Patients and methods: A preliminary 6-month prospective study was conducted with a sample of 51 adult patients with a diagnosis of major depressive disorder (MDD) without remarkable psychomotor disturbance using the Diagnostic and Statistical Manual of Mental Disorders, fourth edition. All patients received comprehensive assessment including the T&P at baseline. We compared each T&P construct score between patients who achieved remission and those who did not achieve remission after 6 months of treatment for depression using both subjective and objective measures. All 51 (100%) patients received the 6-month follow-up assessment.

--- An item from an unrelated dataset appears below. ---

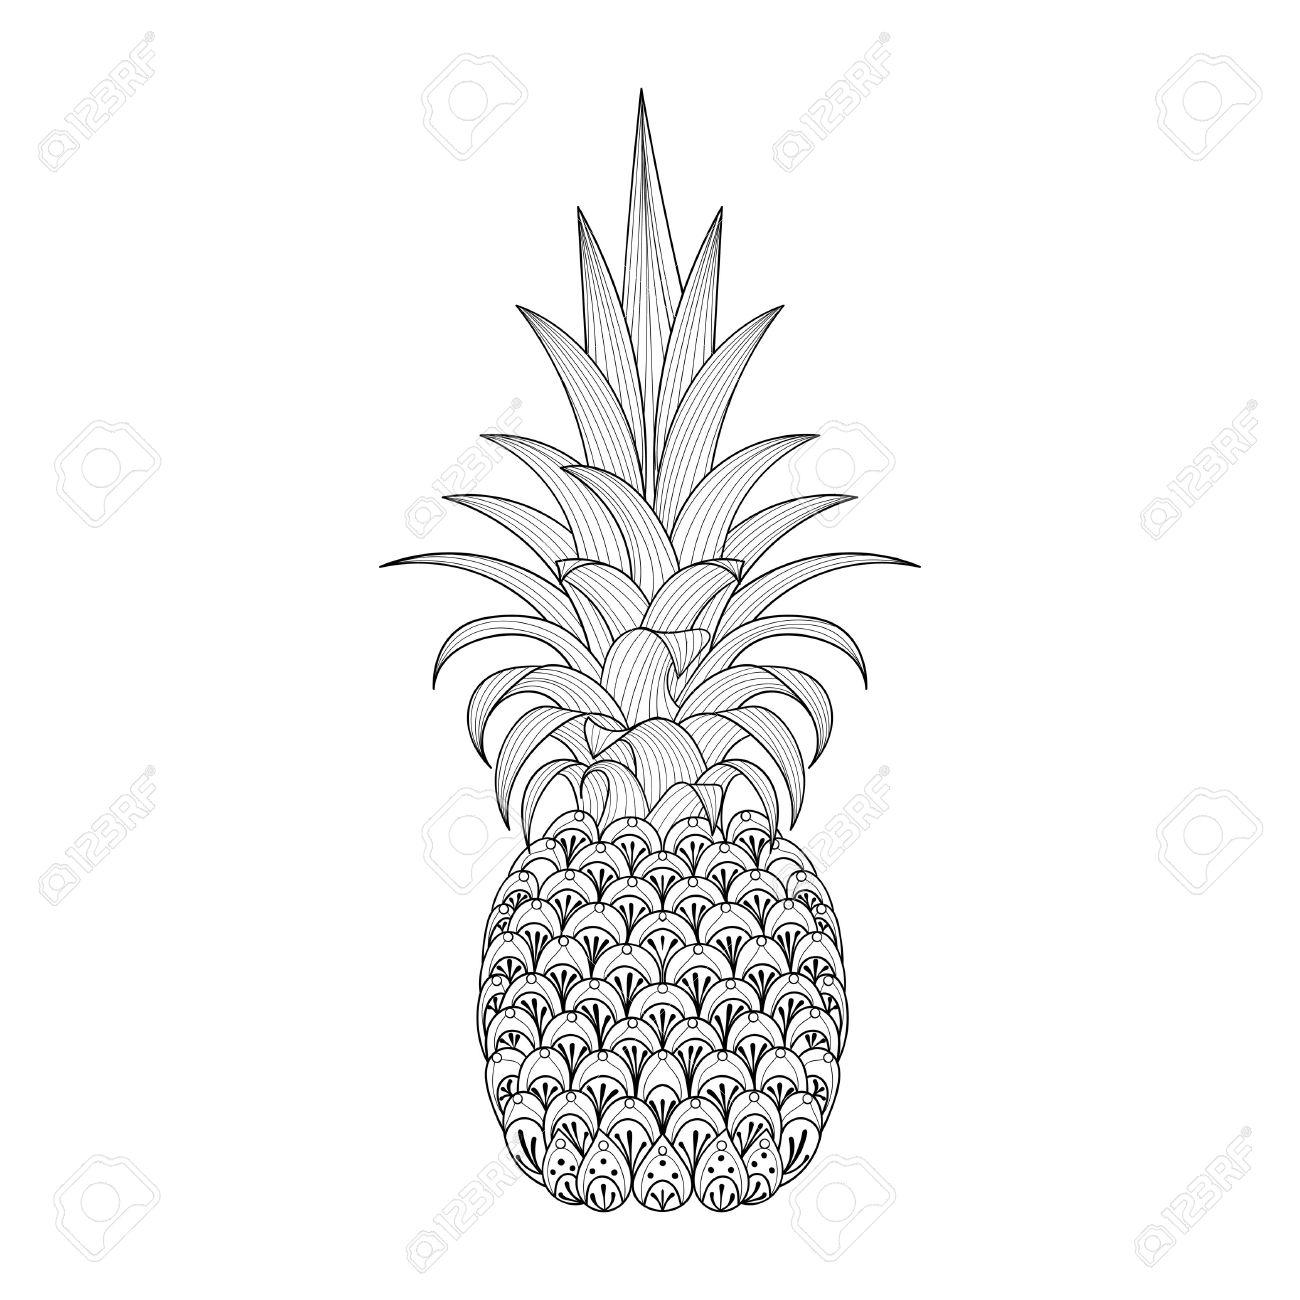 Dibujado A Mano De La Pia Adornado Fruta Extica Tribal Para

Results: This study demonstrated that higher scores on T&P personal reserve predicted poorer treatment outcome in patients with MDD. Higher levels of personal reserve, rejection sensitivity, and self-criticism correlated with higher levels of depression. Higher levels of rejection sensitivity and self-criticism were associated with non-remitters; however, when we controlled for baseline depression severity, this relationship did not show significance.
Conclusion: Although the results are preliminary, this study suggests that high scores on T&P personal reserve predict poorer treatment outcome and T&P rejection sensitivity and self-criticism correlate with the severity of depression. Longer follow-up studies with large sample sizes are required to improve the understanding of these relationships.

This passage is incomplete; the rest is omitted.